Este segundo extremo es muy importante. El virus no conoce fronteras y, en consecuencia, independientemente de que en el ejercicio de su derecho a la autonomía la “autoridad competente” de cada comunidad autónoma debe poder “concretar” en el ámbito territorial de su comunidad la aplicación de las medidas contempladas en el decreto de estado de alarma y en la decisión que adopte el Congreso de los Diputados a partir de los quince días de la entrada en vigor inicial del mismo, es importante que esa “concreción” no solamente se ponga en conocimiento de manera inmediata de las demás “autoridades competentes”, sino que se prevea de manera expresa una Conferencia de Presidentes como órgano permanente durante toda la vigencia del estado de alarma, que pueda hacer los “ajustes” en la gestión del estado de alarma que se consideren necesarios cuando la evolución de la emergencia así lo exija.

Esta presencia de la Conferencia de Presidentes como órgano permanente, acompañada, como es obvio, por una conferencia de los consejeros de Sanidad de las comunidades autónomas, es de importancia capital para dar credibilidad al mensaje que se transmita a la sociedad española en su conjunto acerca de la estrategia que se está poniendo en práctica para hacer frente al coronavirus.
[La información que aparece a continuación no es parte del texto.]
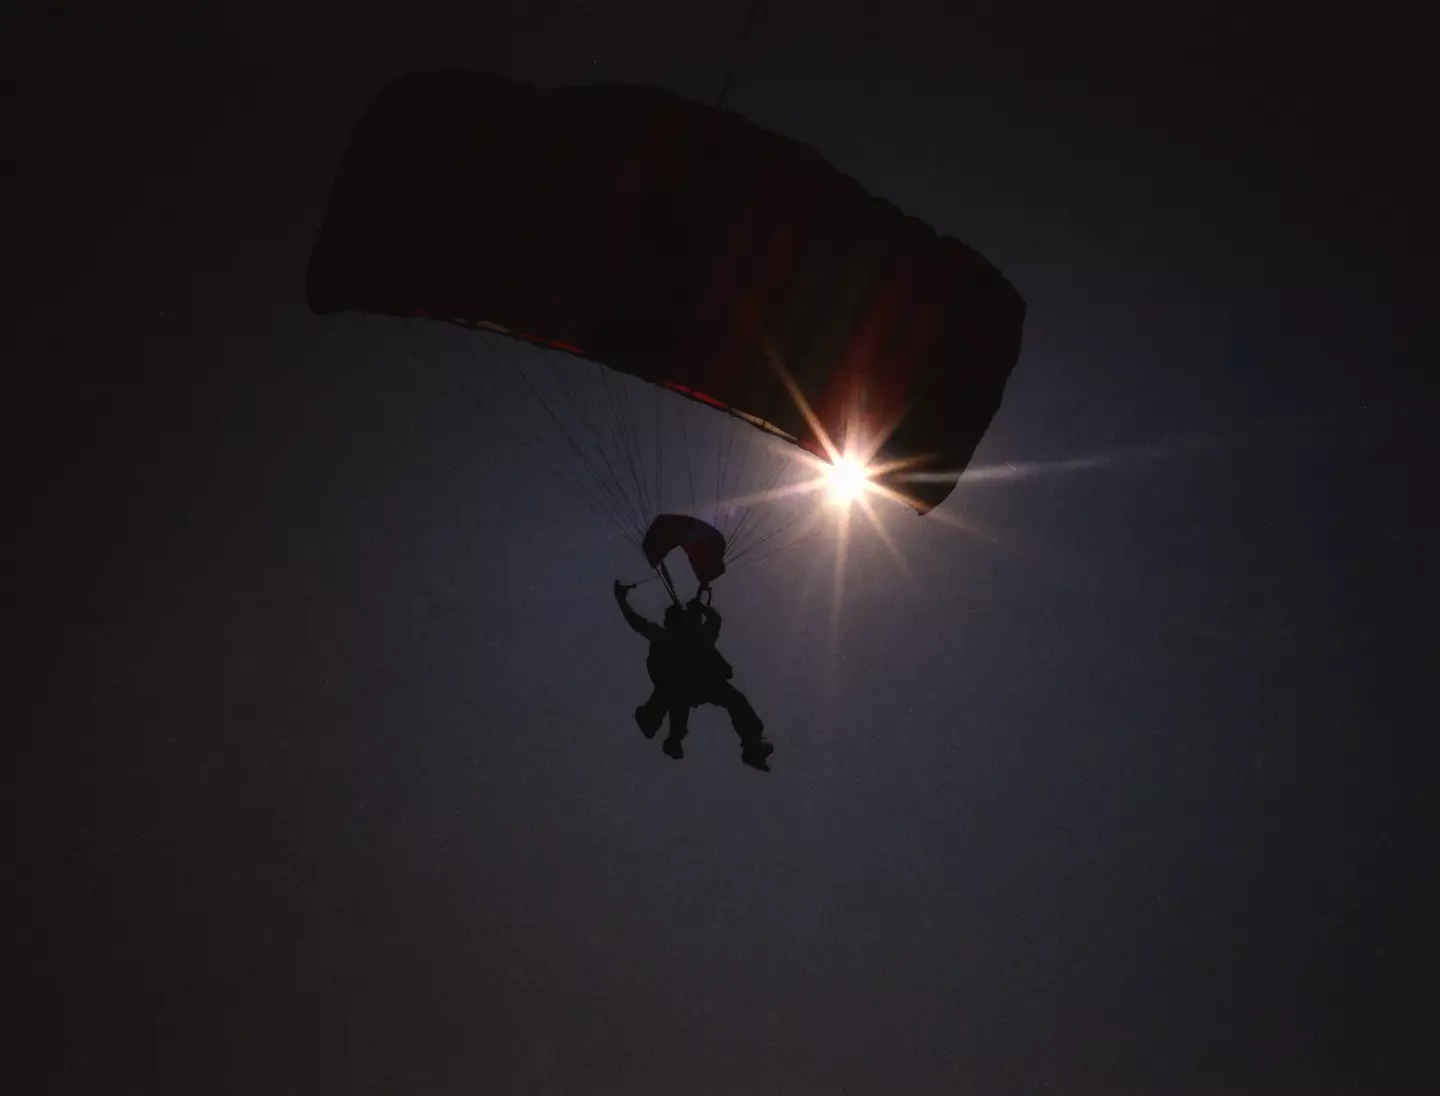 Joan Murray went skydiving in South Carolina.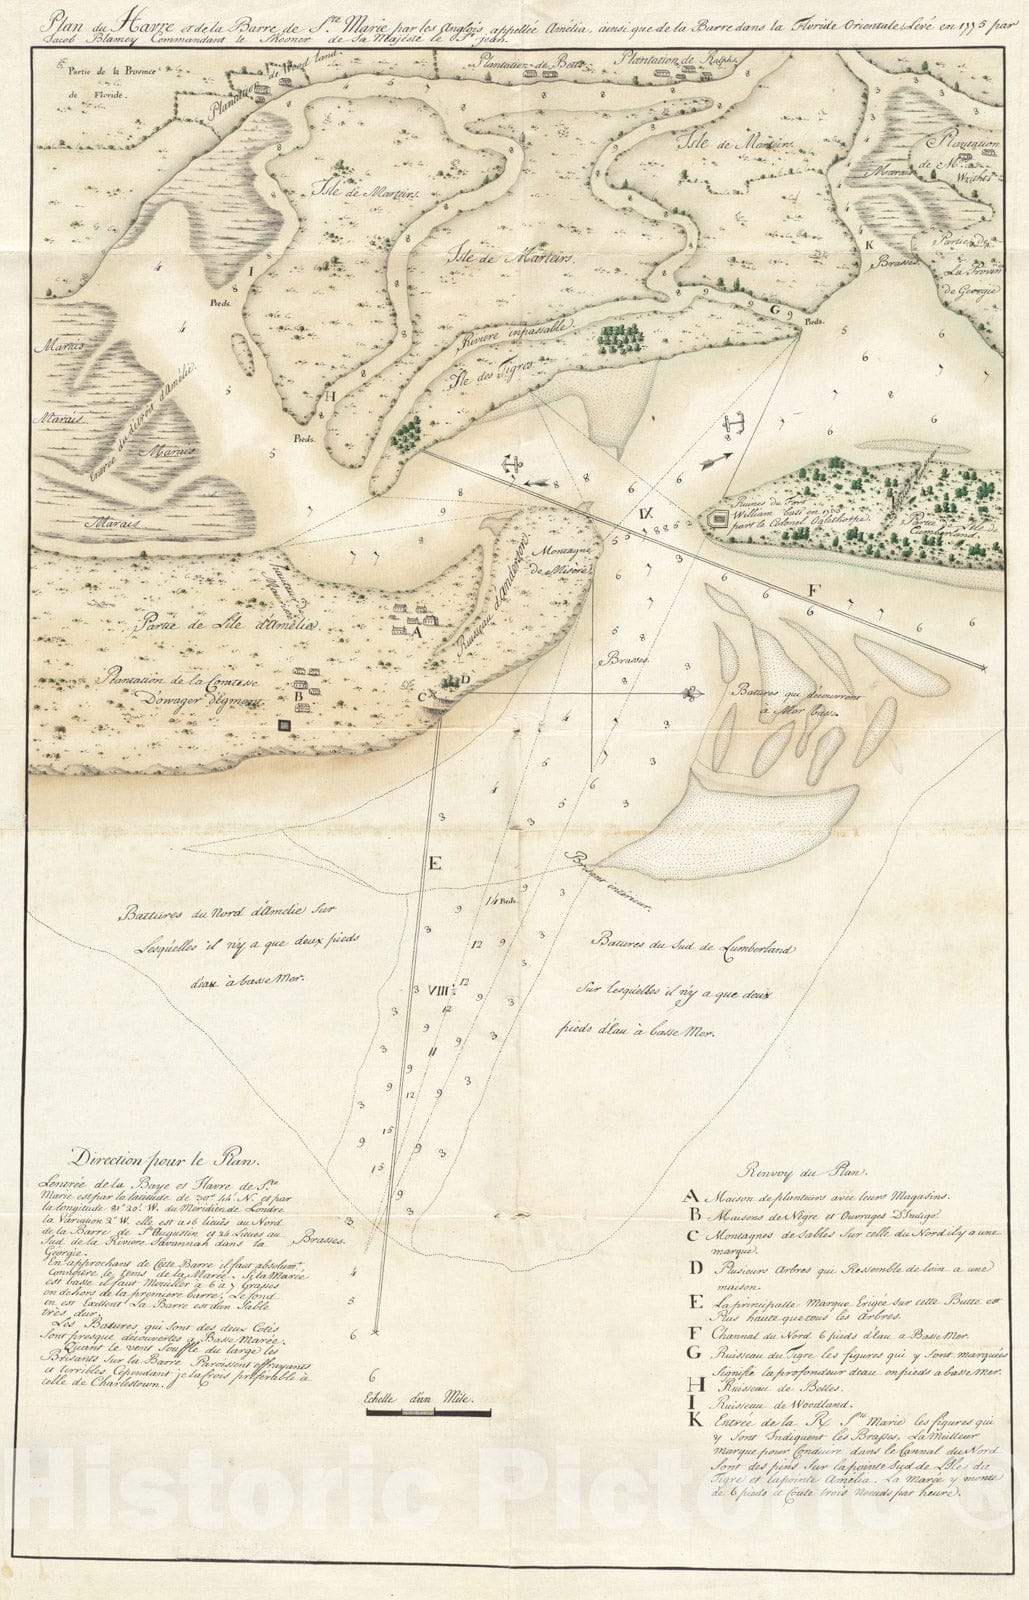 Historical Map, 1775 Plan du Havre et de la barre de Ste. Marie par les Angloises appellee Amelia, ainsi que de la Barre dans la Floride orientale, Vintage Wall Art

De la credibilidad del mensaje depende el éxito de la operación. Los sociólogos del derecho nos han enseñado desde hace muchos decenios que no hay Estado, por muy perfectamente que esté constituido, que pueda imponer de manera coactiva el cumplimiento de las normas a toda la población. Una norma dirigida a la totalidad de la población, como va a ser el decreto de declaración del estado de alarma o la norma parlamentaria que lo sustituya, únicamente podrá surtir efectos si los ciudadanos cumplimos casi al cien por cien lo que en dicha norma se establece. Una desviación que se aproximara al 5% sería inmanejable. No hay suficiente Policía, incluyendo la estatal, la autonómica y la municipal, para imponer coactivamente el cumplimiento de la norma, si la desviación de la conducta ciudadana alcanza ese porcentaje.

Las restricciones que se impongan durante el estado de alarma tienen que ser percibidas como “legítimas” por la población. Sin esa percepción de legitimidad, no es posible que las medidas que se adopten surtan efecto y tengan éxito. Y ello exige el concurso de todas las autoridades públicas, pero, sobre todo, el concurso del Gobierno de la nación y de los consejos de gobierno de las comunidades autónomas.

Ese concurso tiene que hacerse visible, tiene que ser percibido por toda la población. Madison decía que la democracia es un sistema armónico de frustraciones mutuas. La primera obligación en política es frustrar al adversario. El cumplimiento de esa obligación es una pieza clave en la garantía de los derechos de la población. En el ejercicio de ese derecho de frustrar al adversario, subrayaba Madison, no se debe perder nunca de vista que se forma parte del mismo sistema político y que la frustración no puede llevarse hasta el extremo de que ponga en riesgo la supervivencia del sistema. Piénsese, por ejemplo, en la renovación de los órganos constitucionales. Pero, en cualquier caso, cuando nos encontramos ante una situación excepcional no es en el momento de la frustración, sino en el de la armonía en el que debe ponerse el énfasis.

En esto último se juega el éxito de la declaración del estado de alarma. Es la parte más difícil. Llegar hasta la declaración de hoy ha sido muy difícil. Pero lo más difícil lo tenemos todavía por delante.